2. Yesterday UPS reported earnings up 21% from last year, Union Pacific's earnings were up 47%. Both were based in part on higher shipping volume. Strong evidence the economy continues to grow.

3. At all levels of government tax receipts are up surprising government officials and improving the budget picture.

This reminds us of two things: governments generally don't understand business (in part because many of the people in government have never worked in a business) and that most taxes are paid by rich people.

Tax receipts from payroll withholdings have been stable, it is higher quarterly filings (generally filed by the richest American) that have driven increased tax receipts higher at the federal level. It is the growth of the economy, stimulated by lower tax rates, that have increased tax receipts.

4. Most people now consider the Kansas education funding "crisis" over. However the real crisis is the fact that, like their counterparts in other states, Kansas students have a rather dismal academic record when compared to their counterparts in other nations, especially Asian nations.

Now is the time for legislators, and leaders who care about quality of the education our children receive to lead a meaningful debate about how to improve education. Unfortunately the issue is often reduced to a funding debate, when the real problem is much more.

I will be happy to publish a guest column or details of any plan anyone wants to put forward.

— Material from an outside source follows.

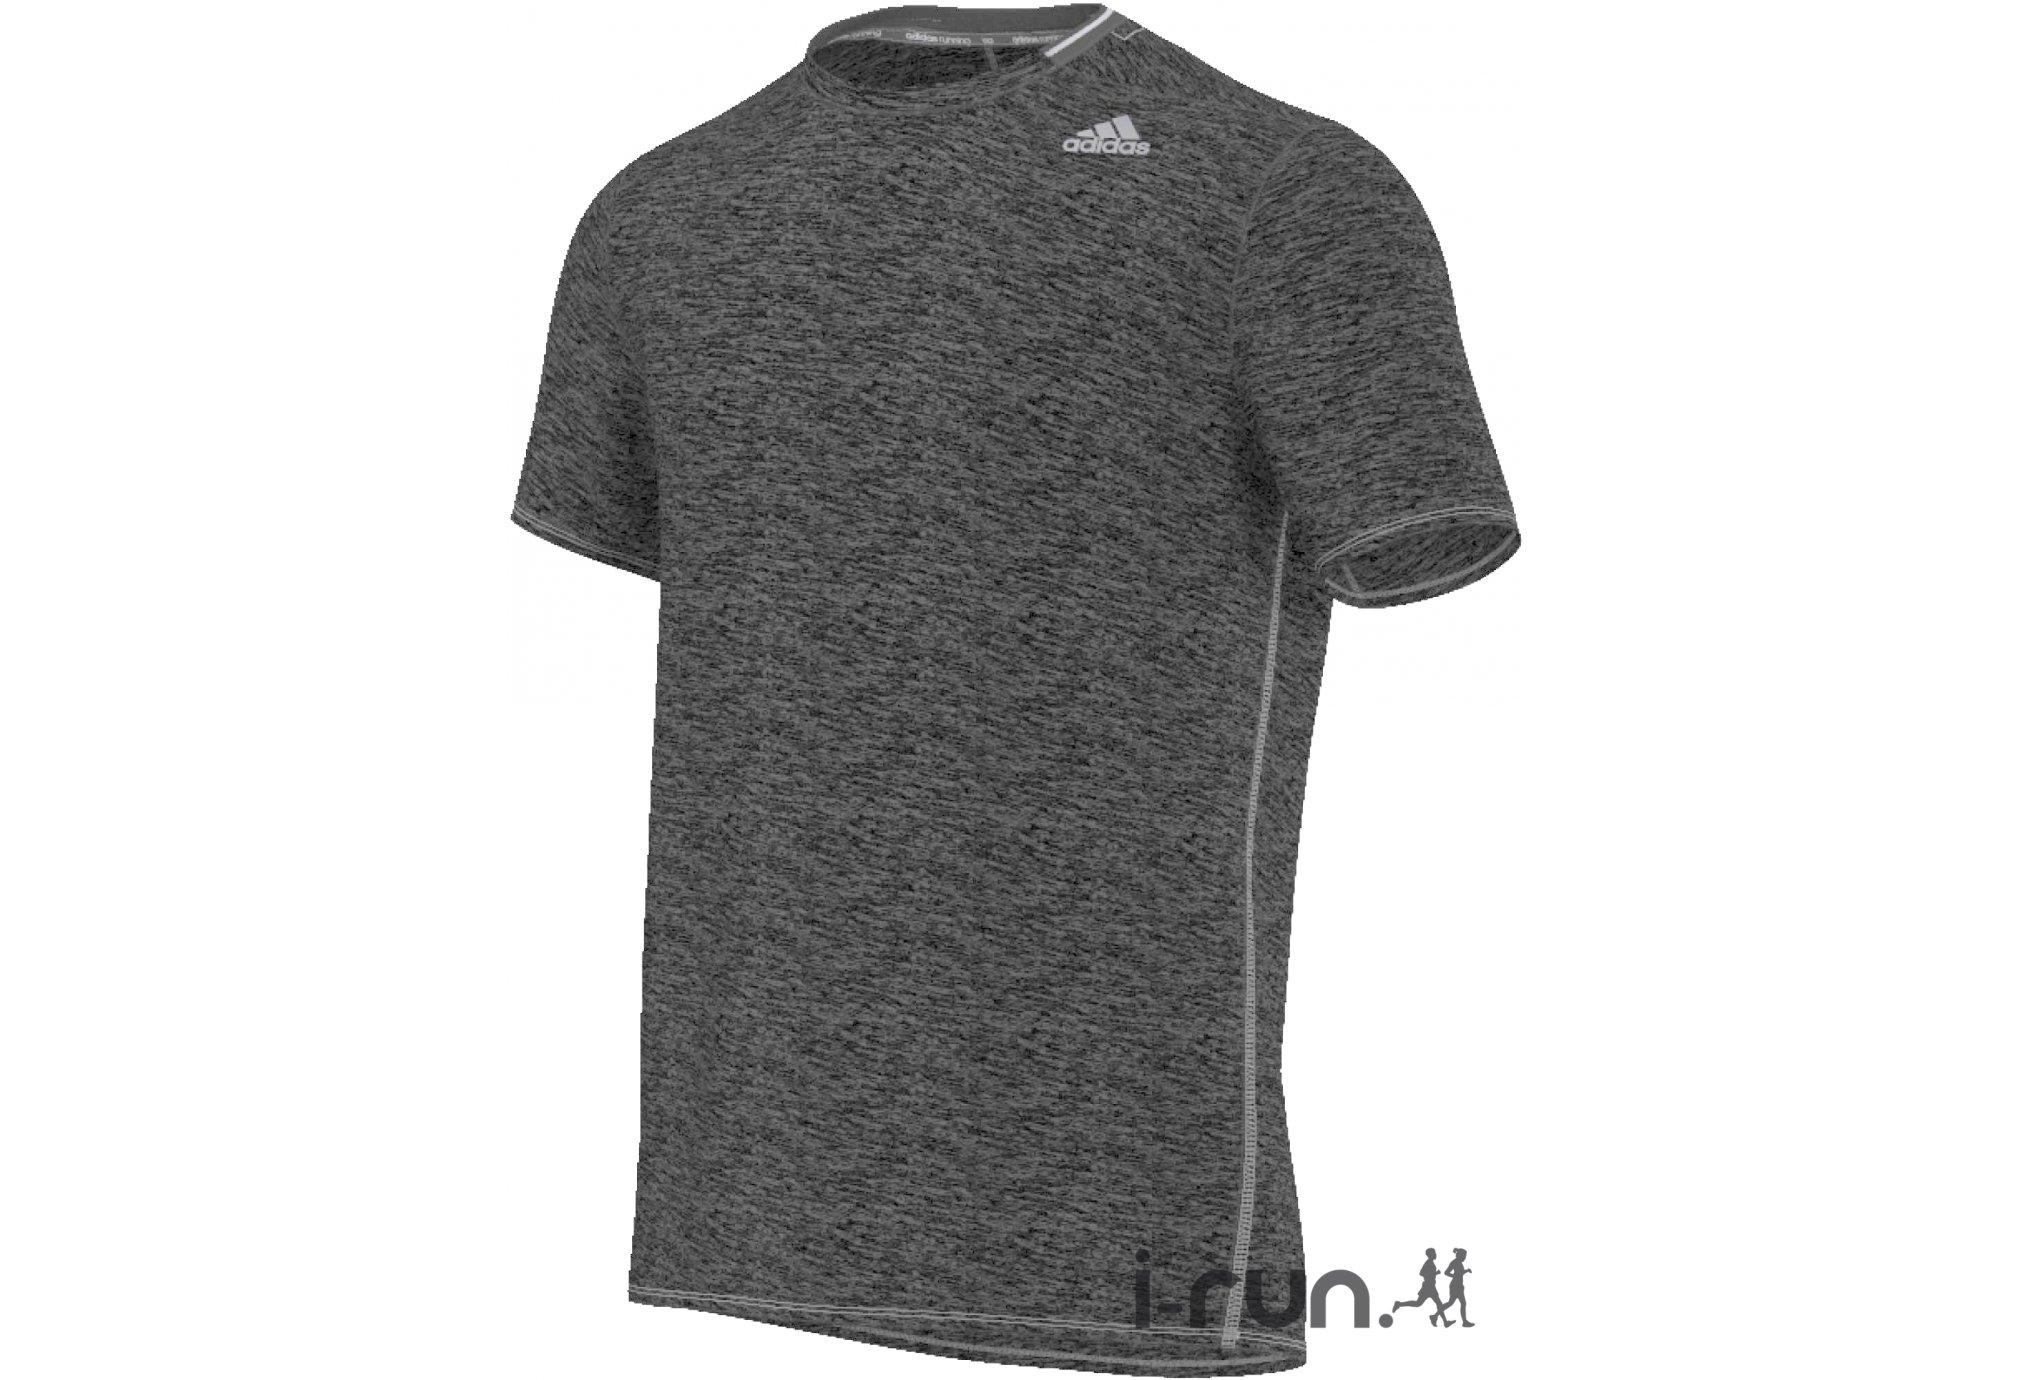 adidas Tee-shirt Supernova ClimaLite M vêtement running homme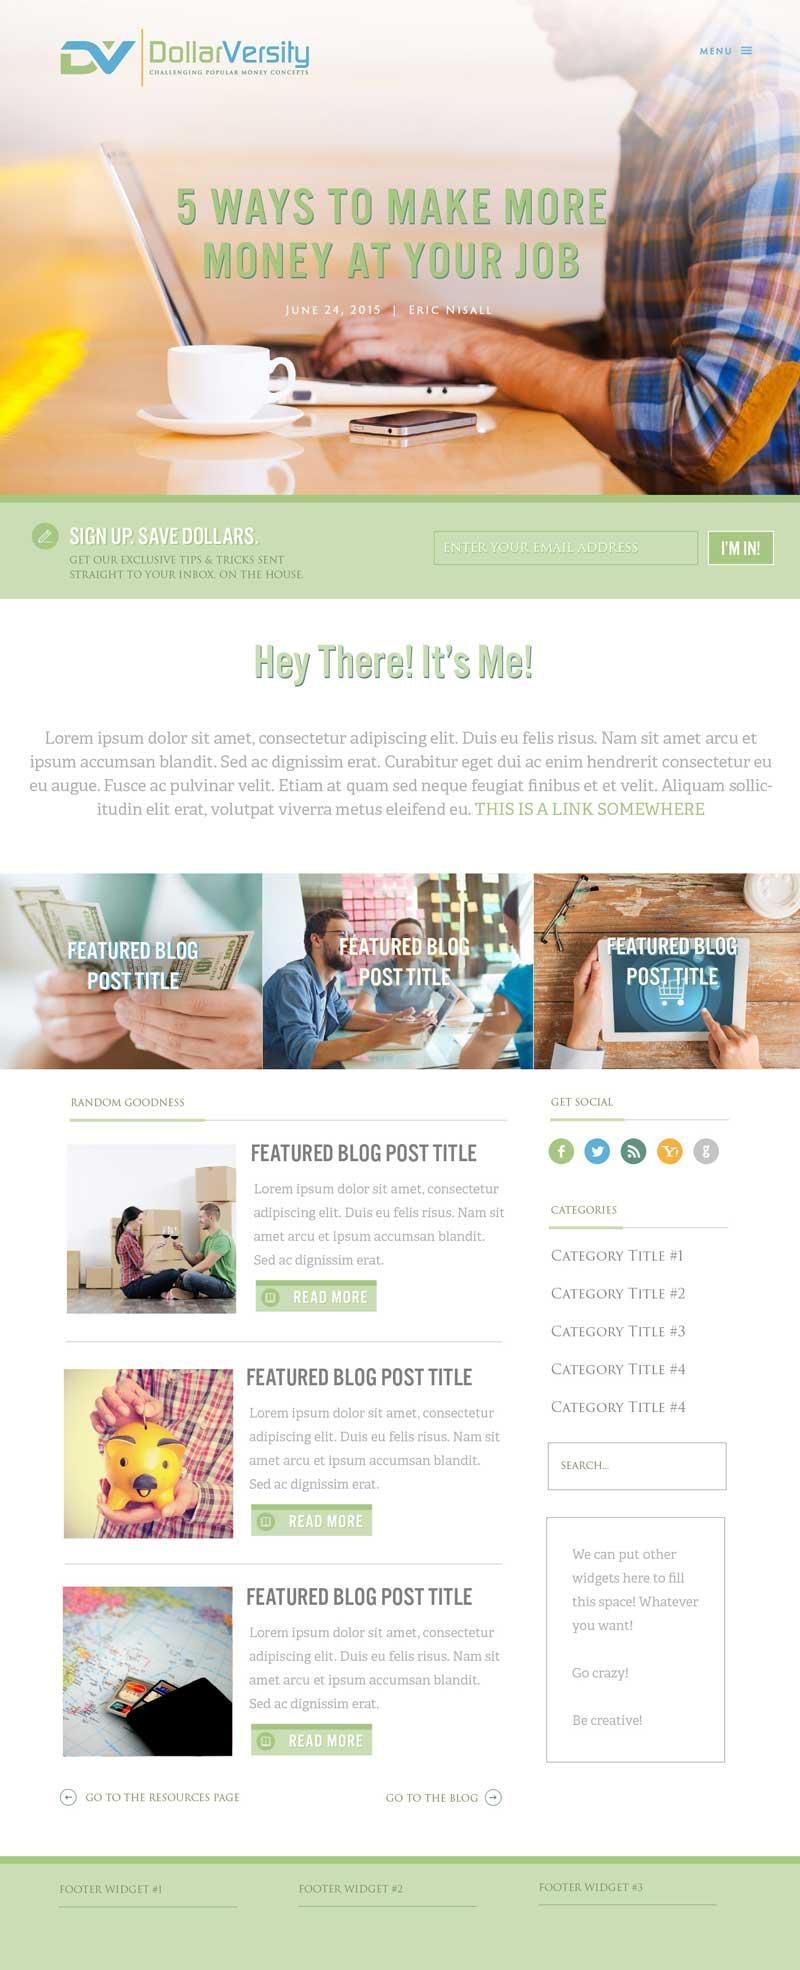 DollarVersity WordPress Web Design RKA ink

5. In an attempt to morph into a party of "values" Democrat Senator Hillary Clinton will be investigating sex scenes in Take-Two Interactive's Rock Star Games' Grand Theft Auto: San Andreas. This officially makes Hillary Clinton the biggest sucker since Tipper Gore.

GTASA has been on the market for about a year, sold more than 5 million copies and has recently seen sales falling. If you ran a video game publisher that made a living publishing edgy games, how would you stimulate sales? Leak a surprise modifcation? Get a New York Senator in a fit? Get every mom in America wound up about it? Make your game must have, adult only, forbidden fruit for every 12 year old with a PlayStation? Yeah, you would consider that plan, and it would work.